== Dataset content ==

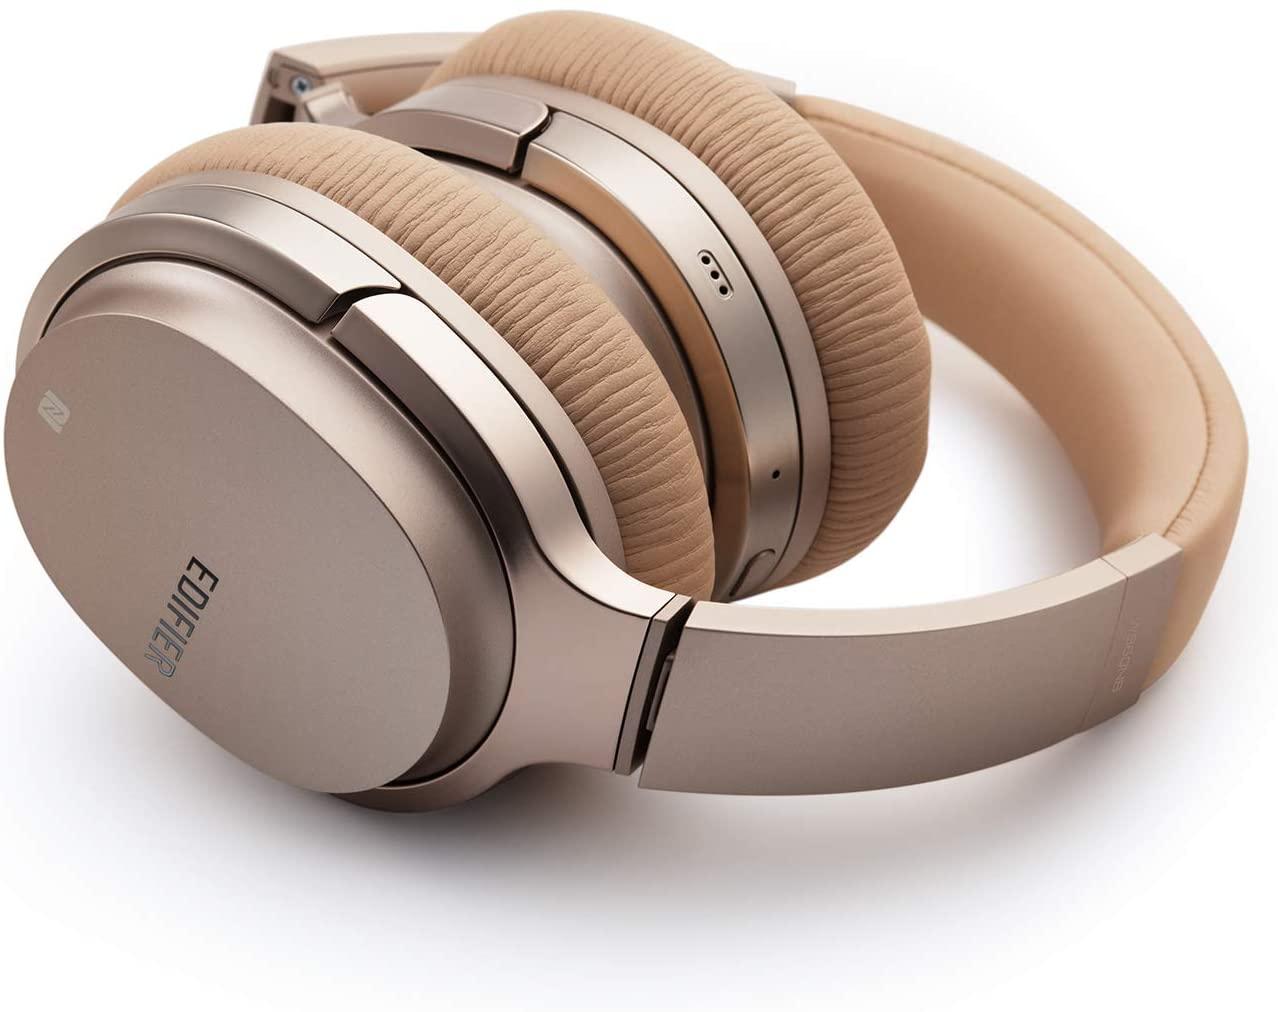 Headphone Edifier W860NB (active noise cancellation) afgeprijsd naar 80eur. -20%.
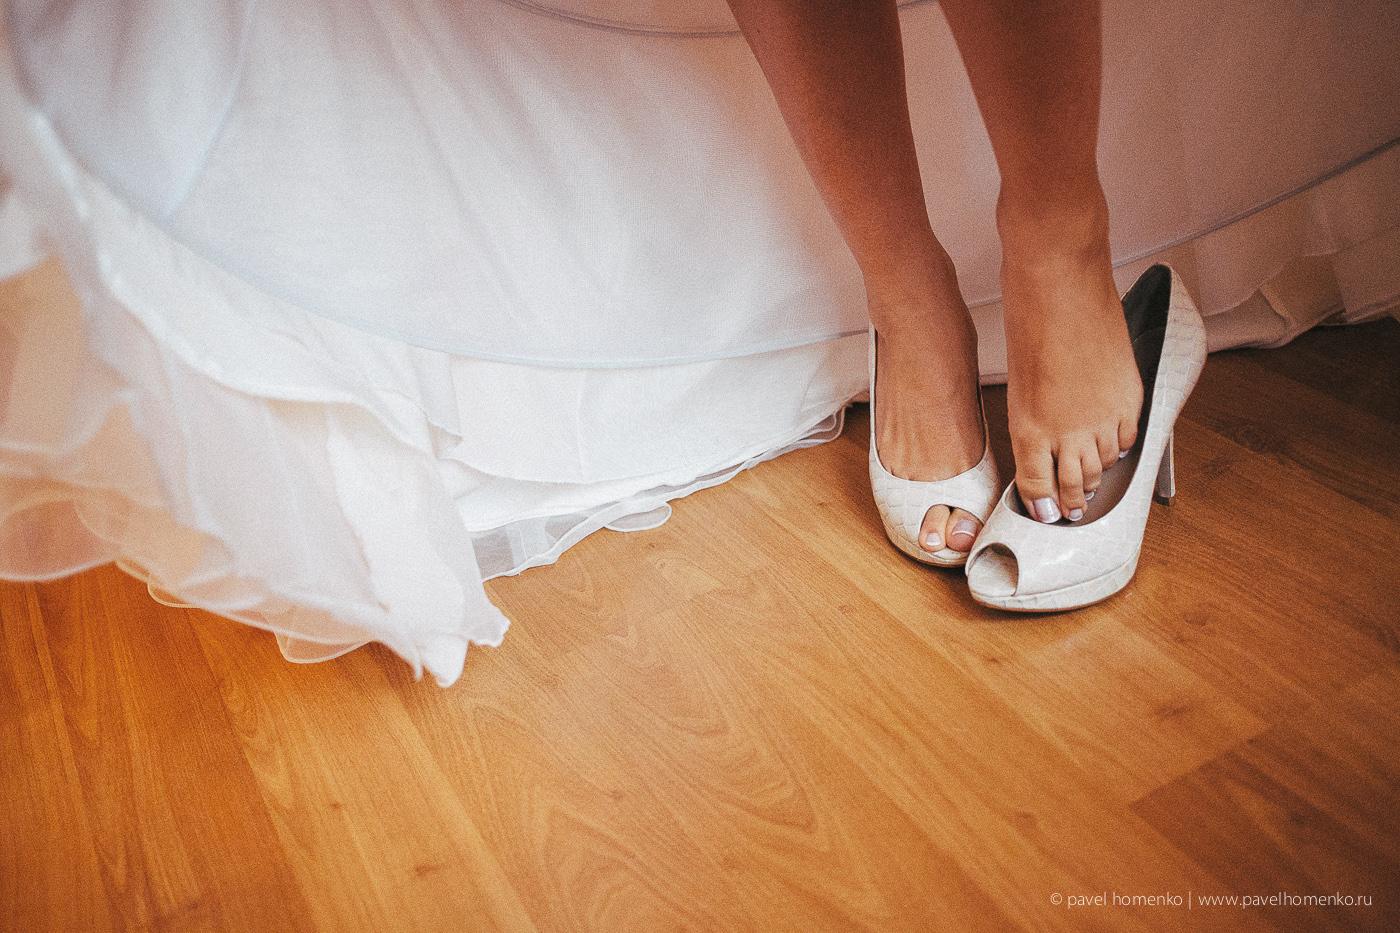 Фото невест нога на ногу, Снова невесты. Ножки (42 фото) » Триникси 10 фотография
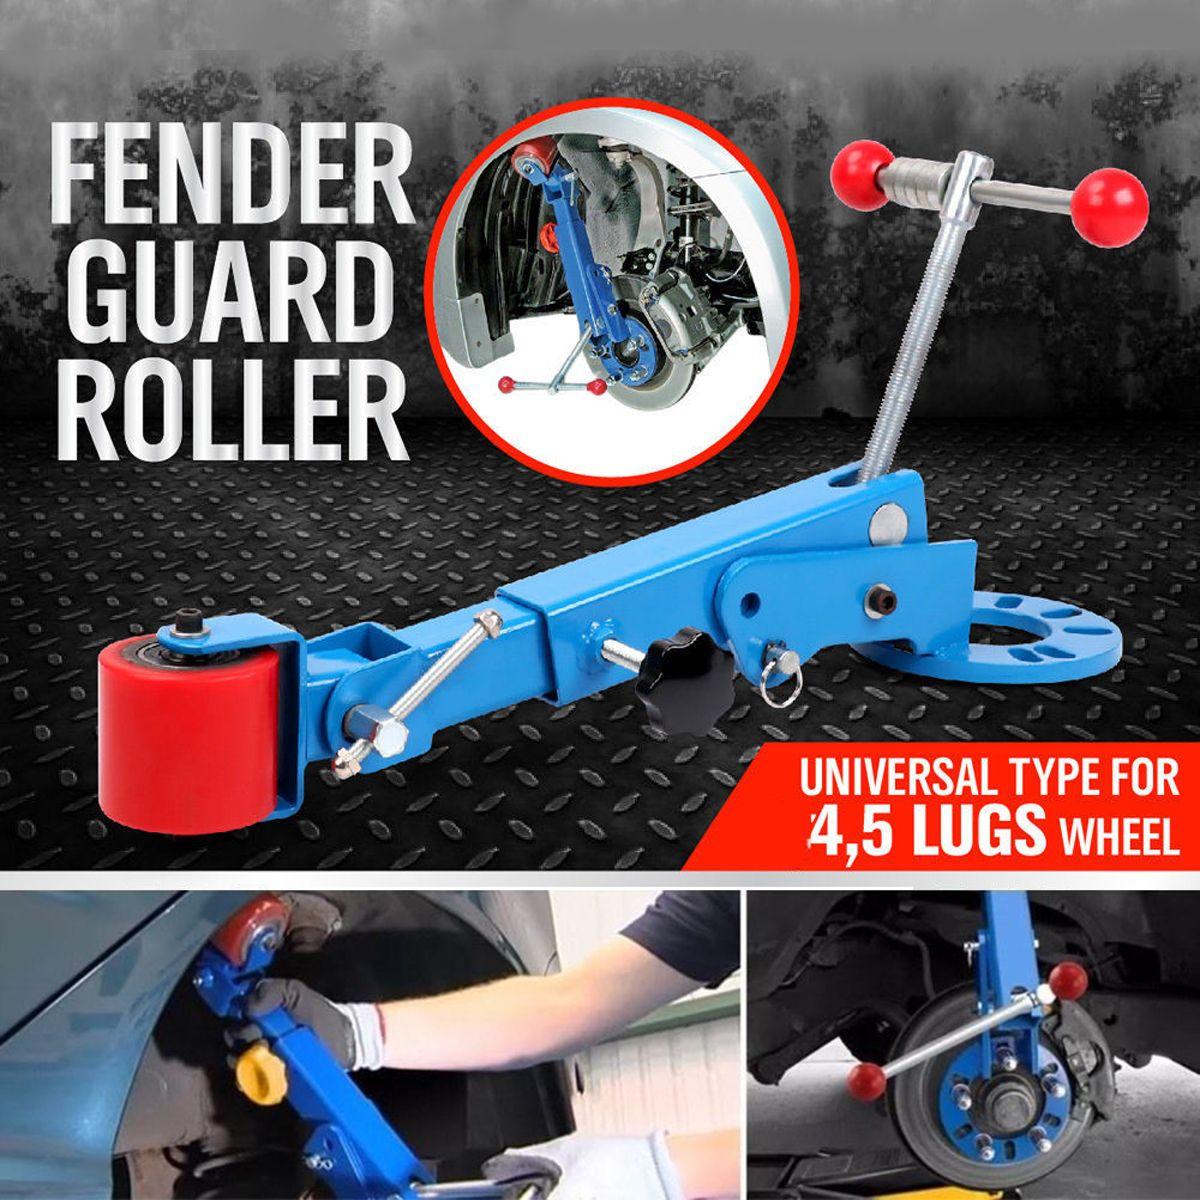 Rolle für Fender Reform Verlängerung Werkzeug Rad Arch Roller Abfackeln Ehemaligen Schwere Holz Maschinen Teile

== Task prompt ==
All of the material above needs to be restated exactly, with no pictures.

== Reply to the task ==
 Headphone Edifier W860NB (active noise cancellation) afgeprijsd naar 80eur. -20%.
 Фото невест нога на ногу, Снова невесты. Ножки (42 фото) » Триникси 10 фотография
 Rolle für Fender Reform Verlängerung Werkzeug Rad Arch Roller Abfackeln Ehemaligen Schwere Holz Maschinen Teile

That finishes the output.